» **THE TASK**
Please reproduce the listing in its entirety, exactly as written, but without images.

» **INFORMATION SHOWN**

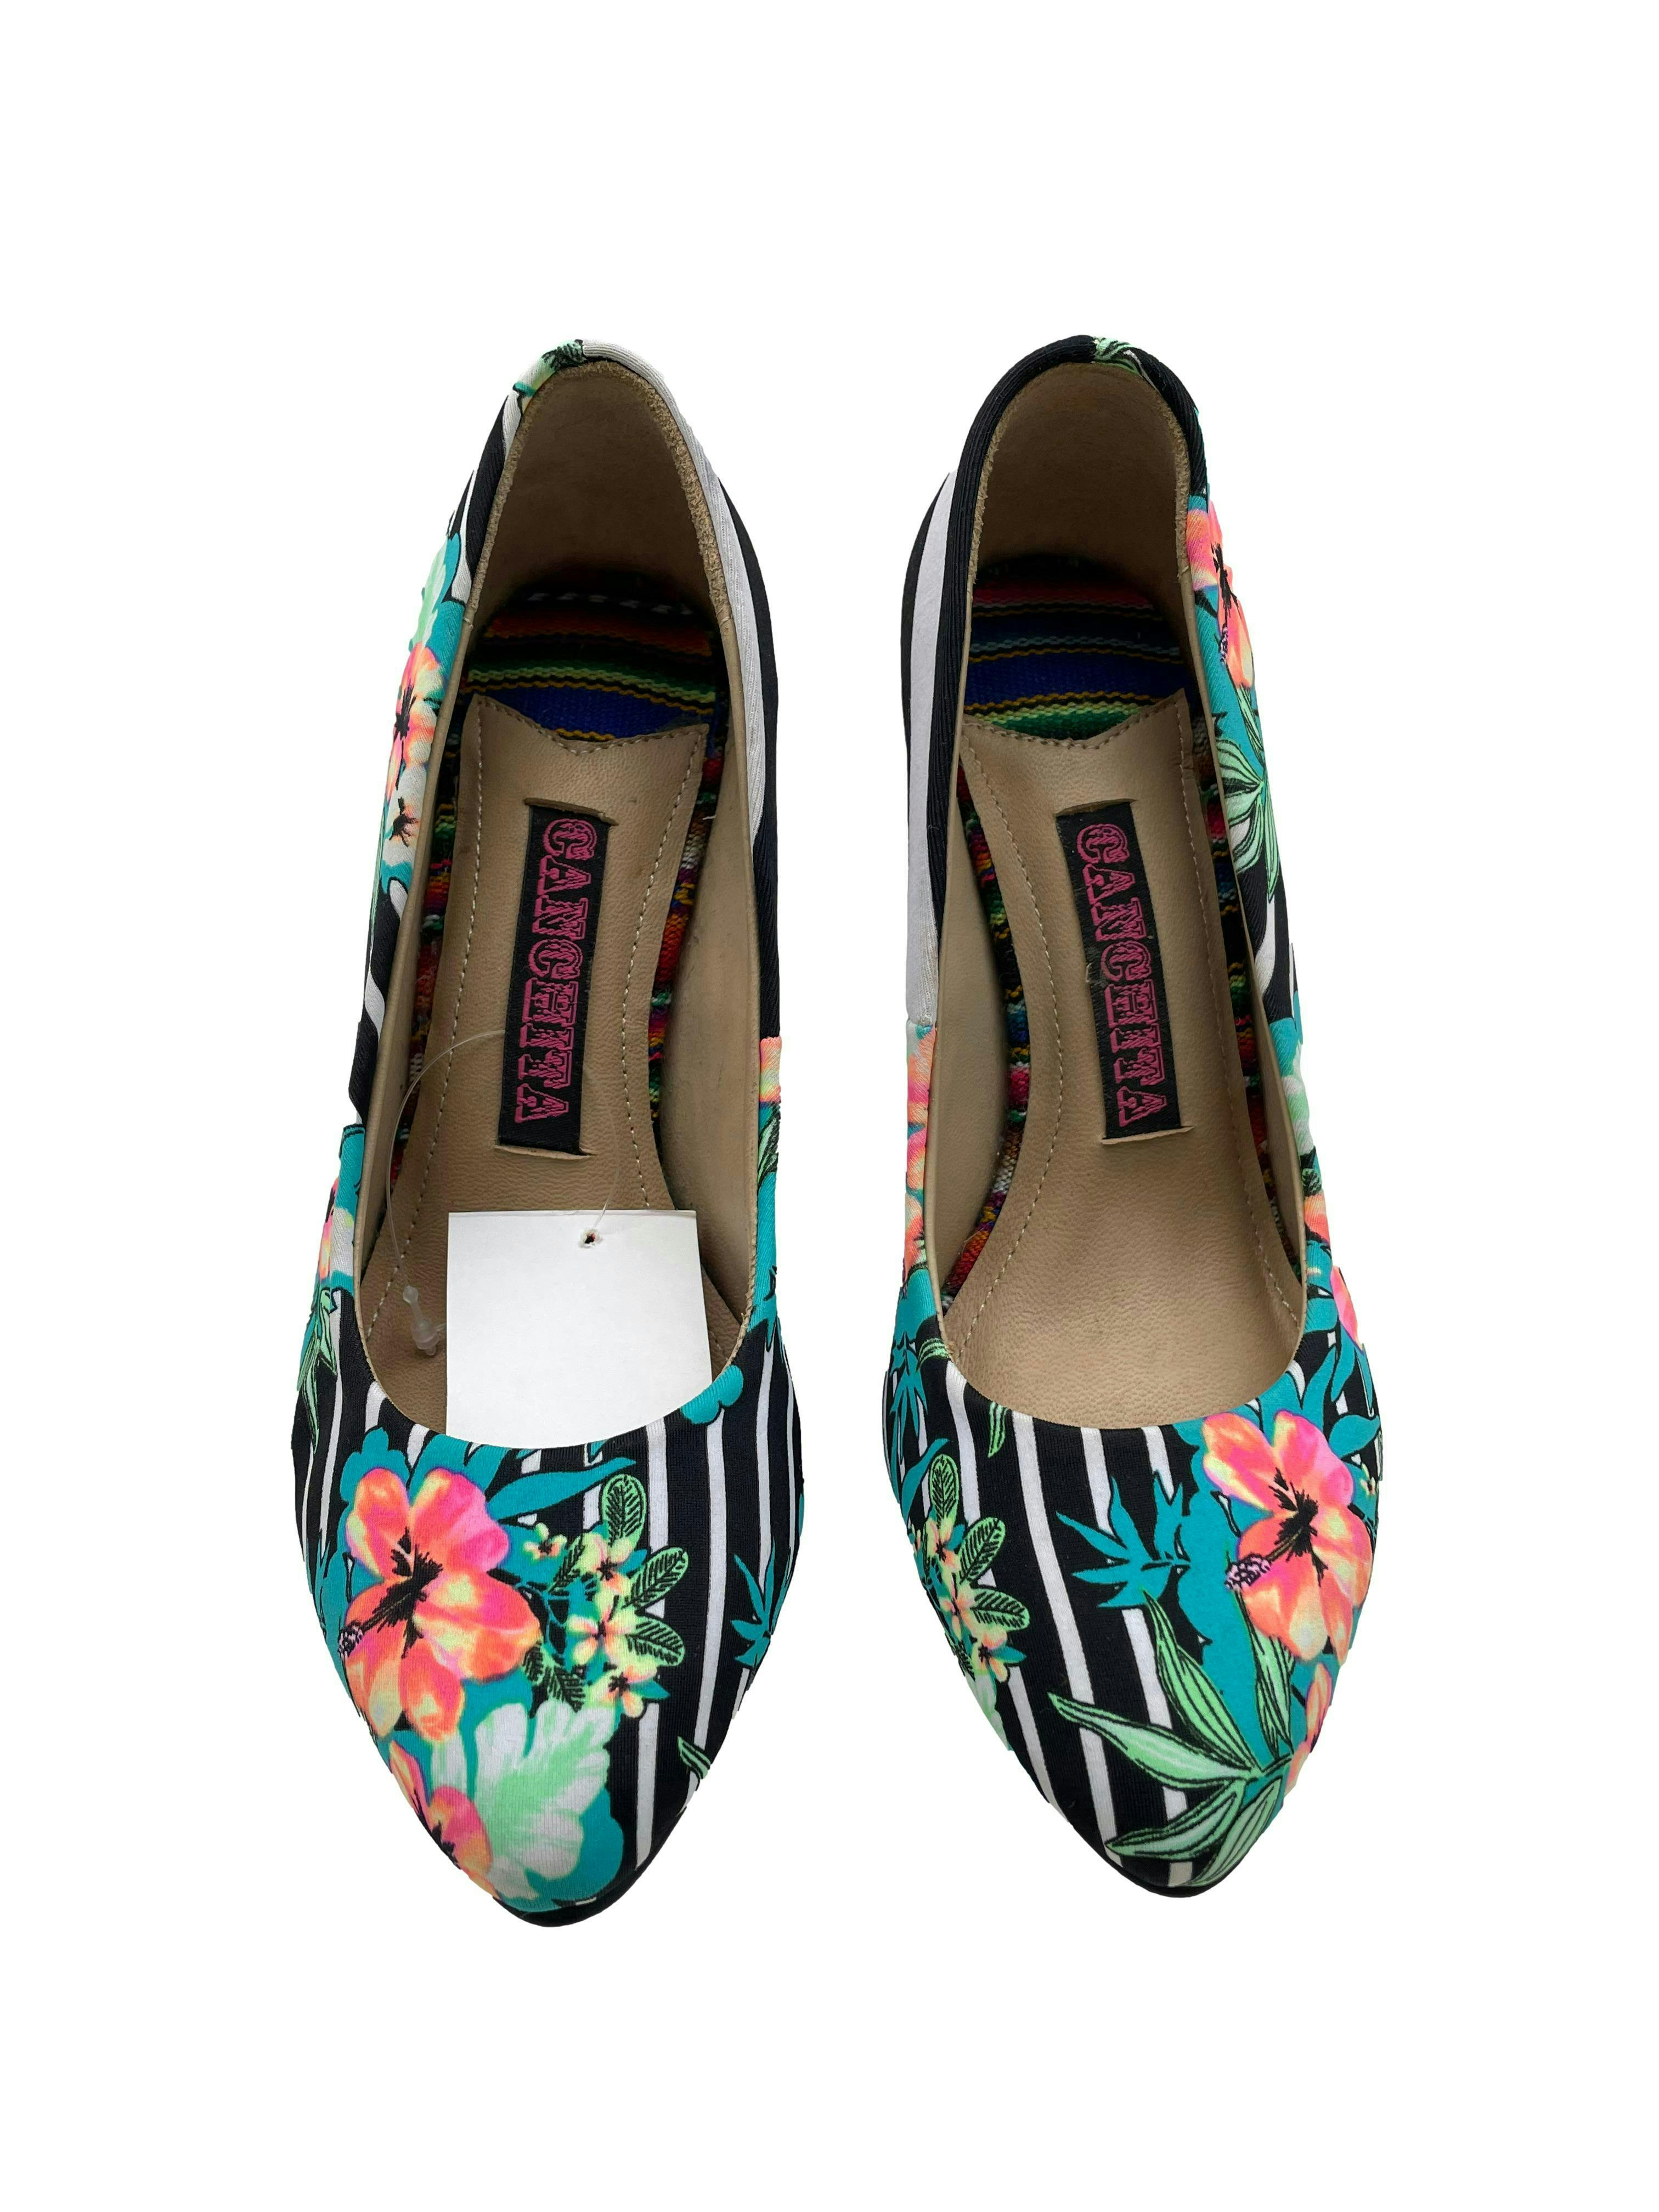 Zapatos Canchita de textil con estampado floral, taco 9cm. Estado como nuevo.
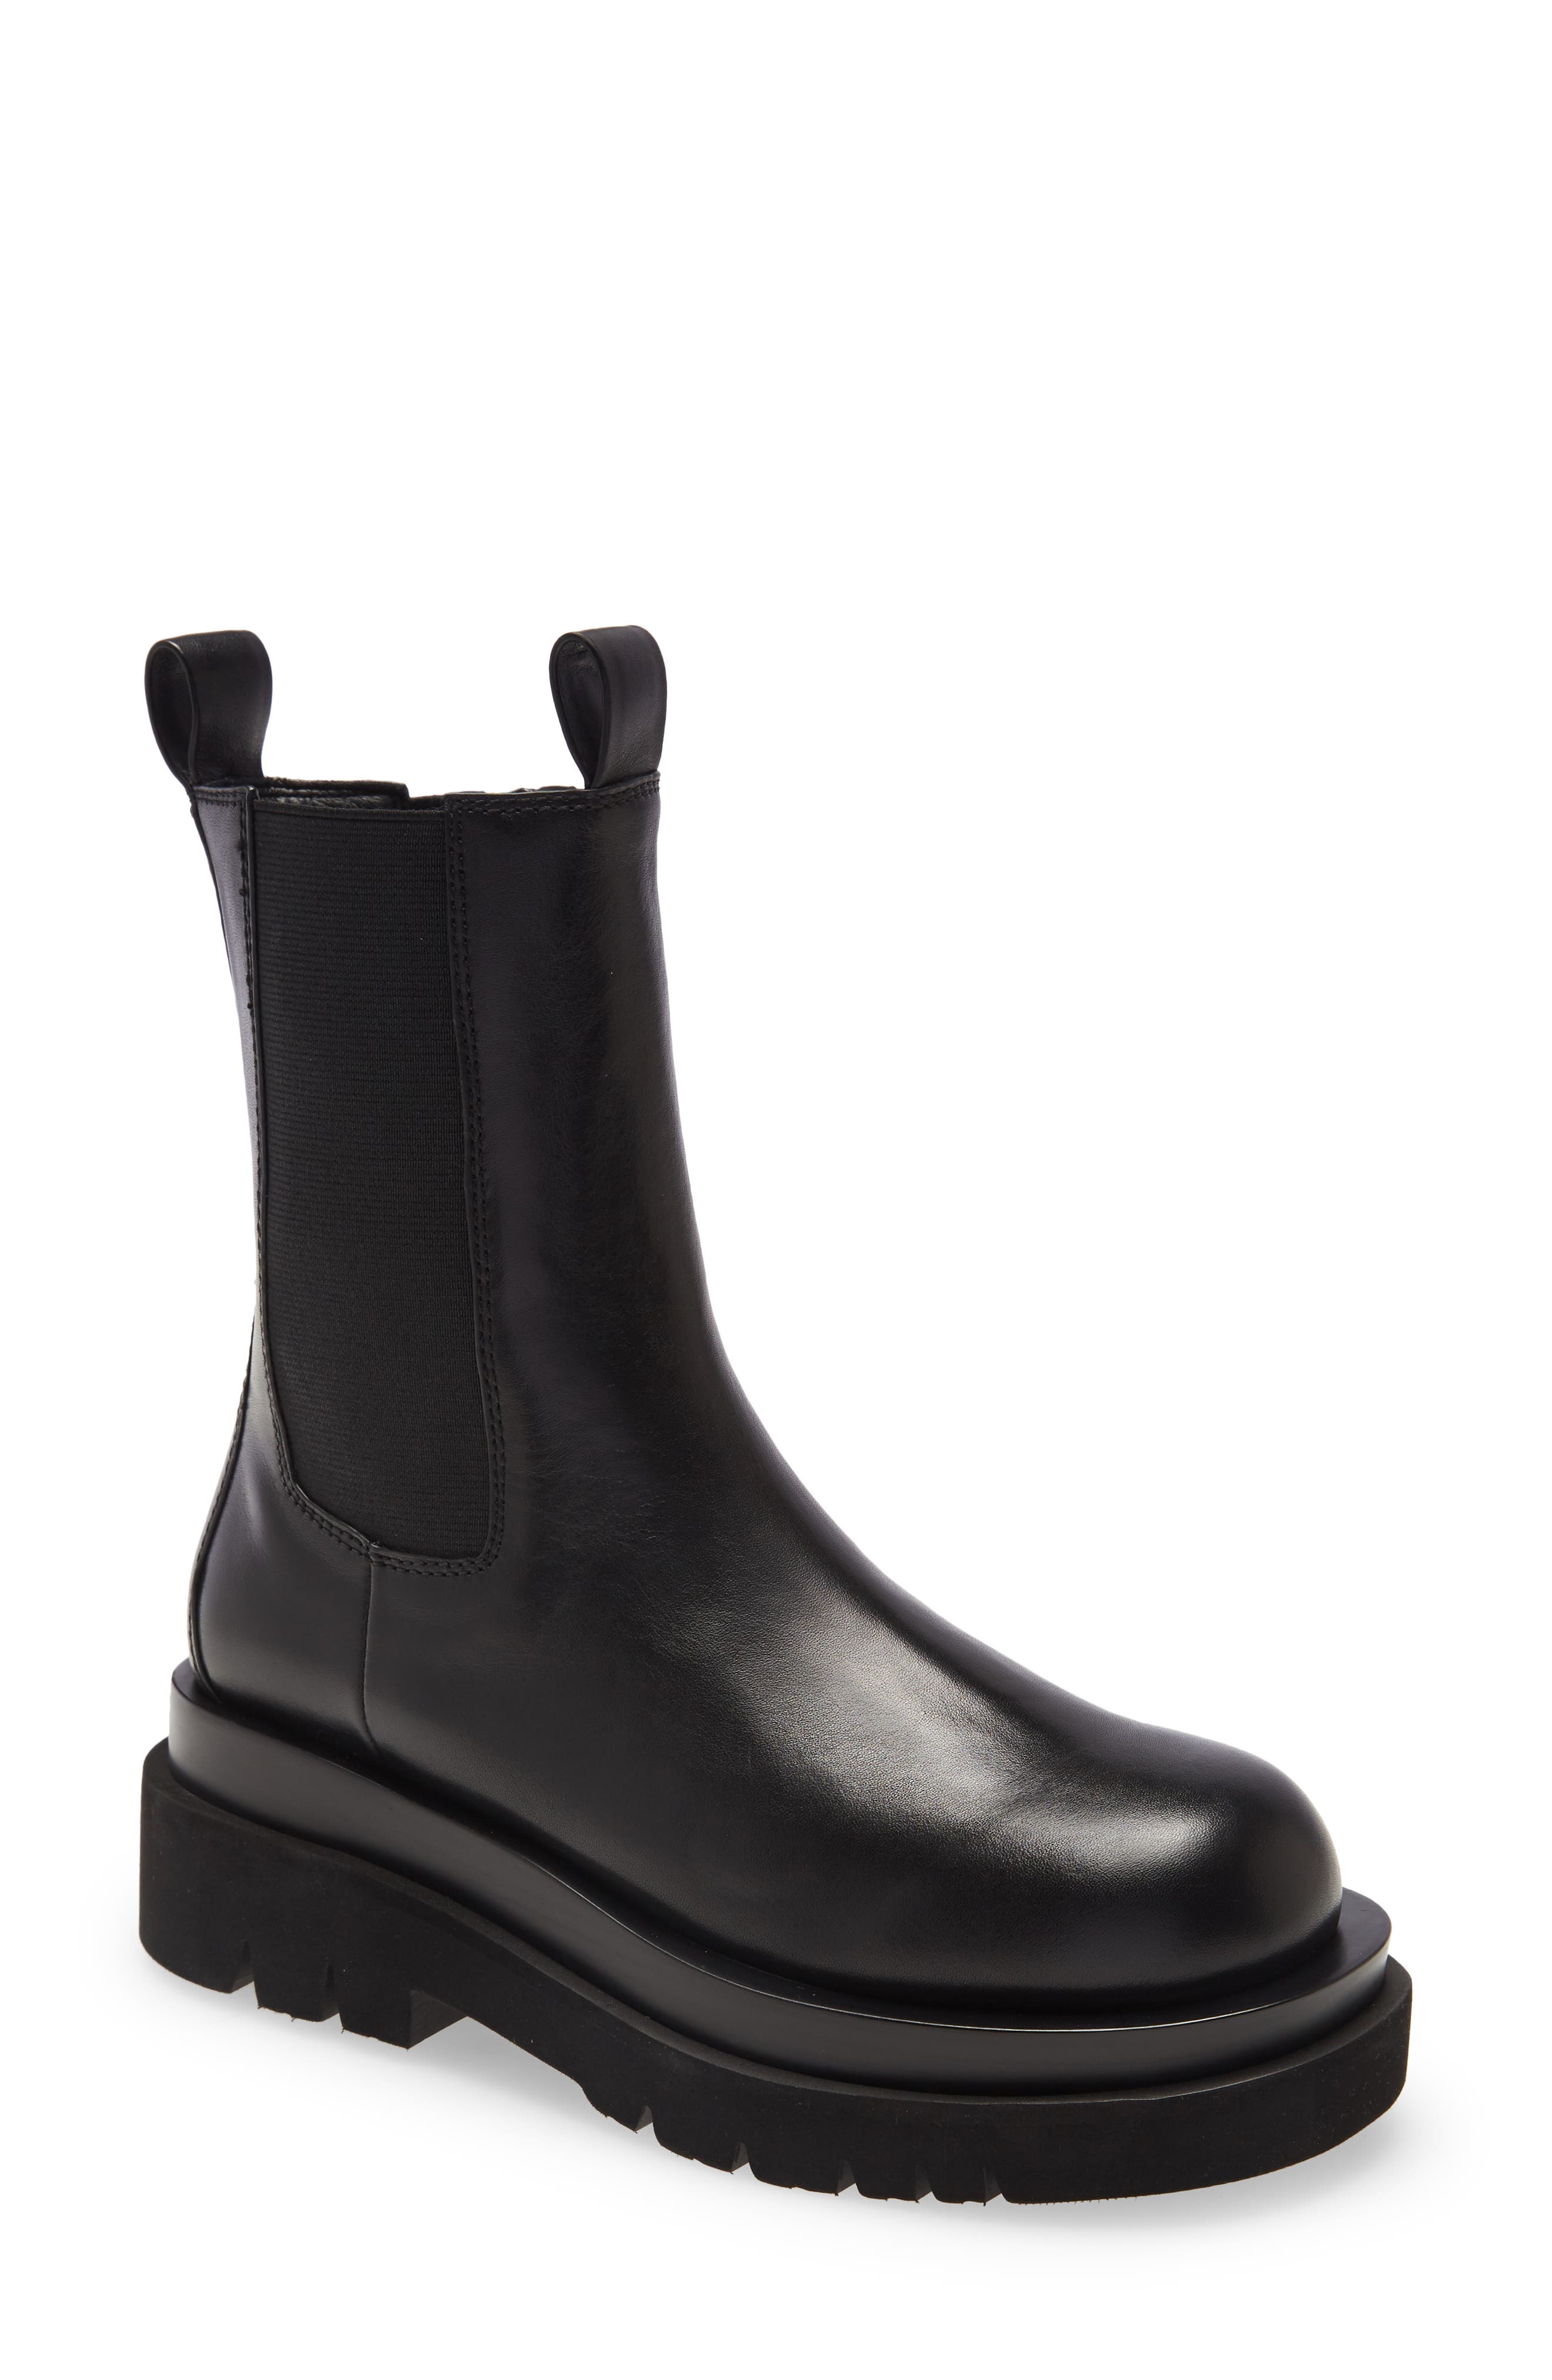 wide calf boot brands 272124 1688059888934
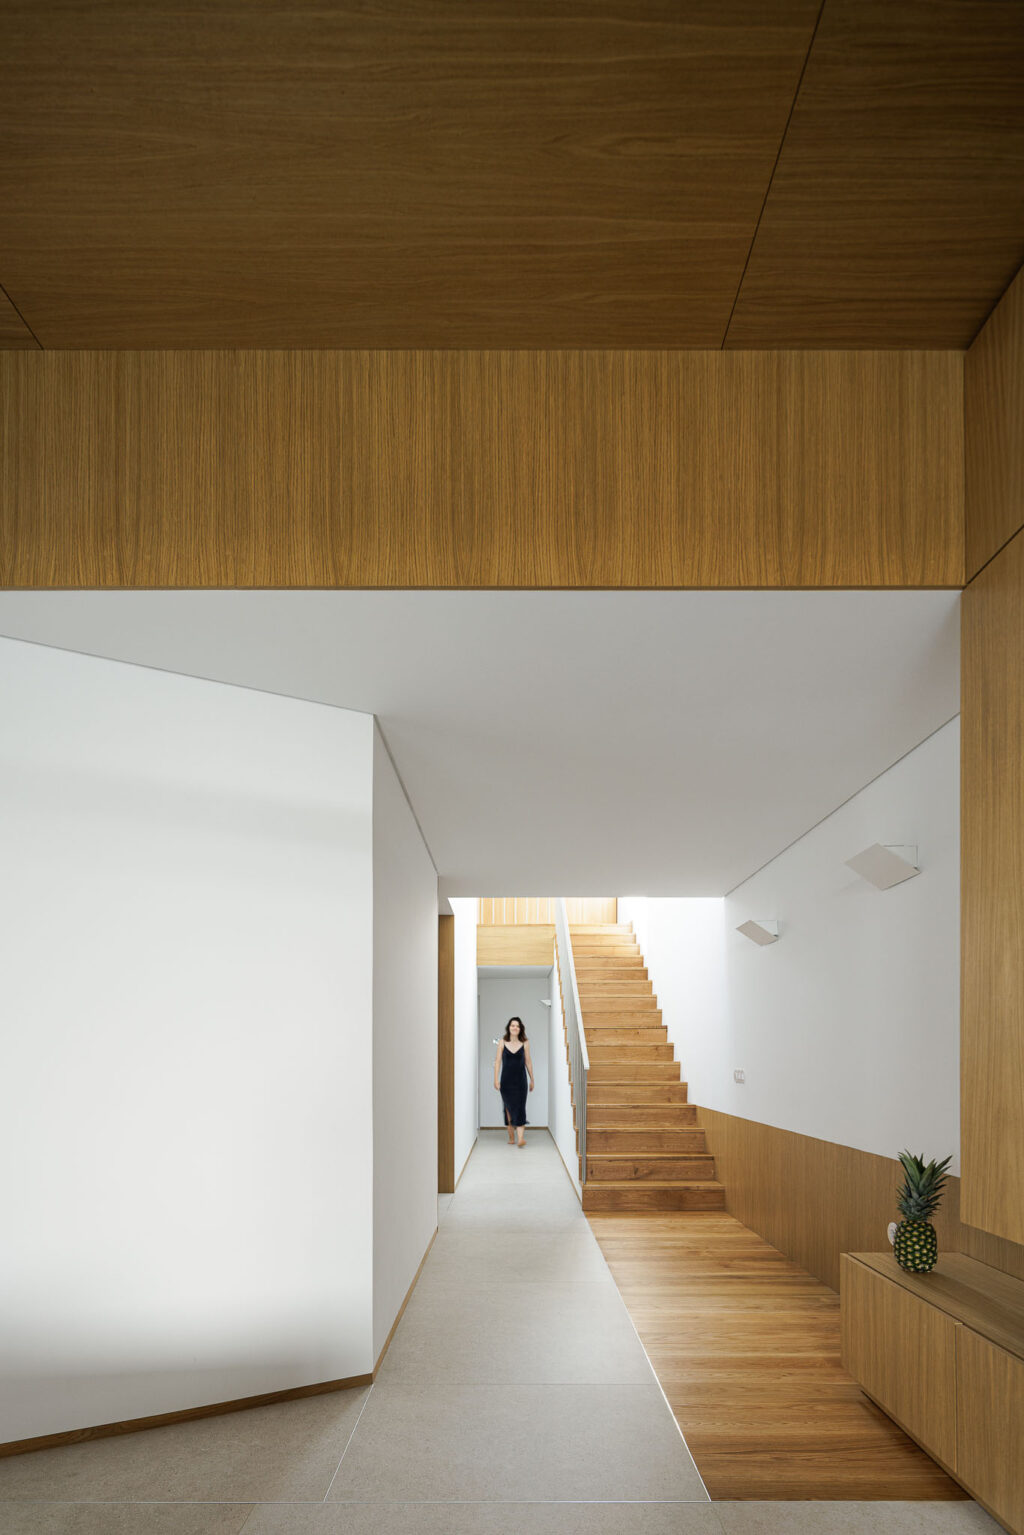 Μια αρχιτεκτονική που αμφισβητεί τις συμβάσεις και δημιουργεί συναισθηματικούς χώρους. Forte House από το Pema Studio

» **SOLVED PROBLEM**
 Zapatos Canchita de textil con estampado floral, taco 9cm. Estado como nuevo.
 wide calf boot brands 272124 1688059888934
 Μια αρχιτεκτονική που αμφισβητεί τις συμβάσεις και δημιουργεί συναισθηματικούς χώρους. Forte House από το Pema Studio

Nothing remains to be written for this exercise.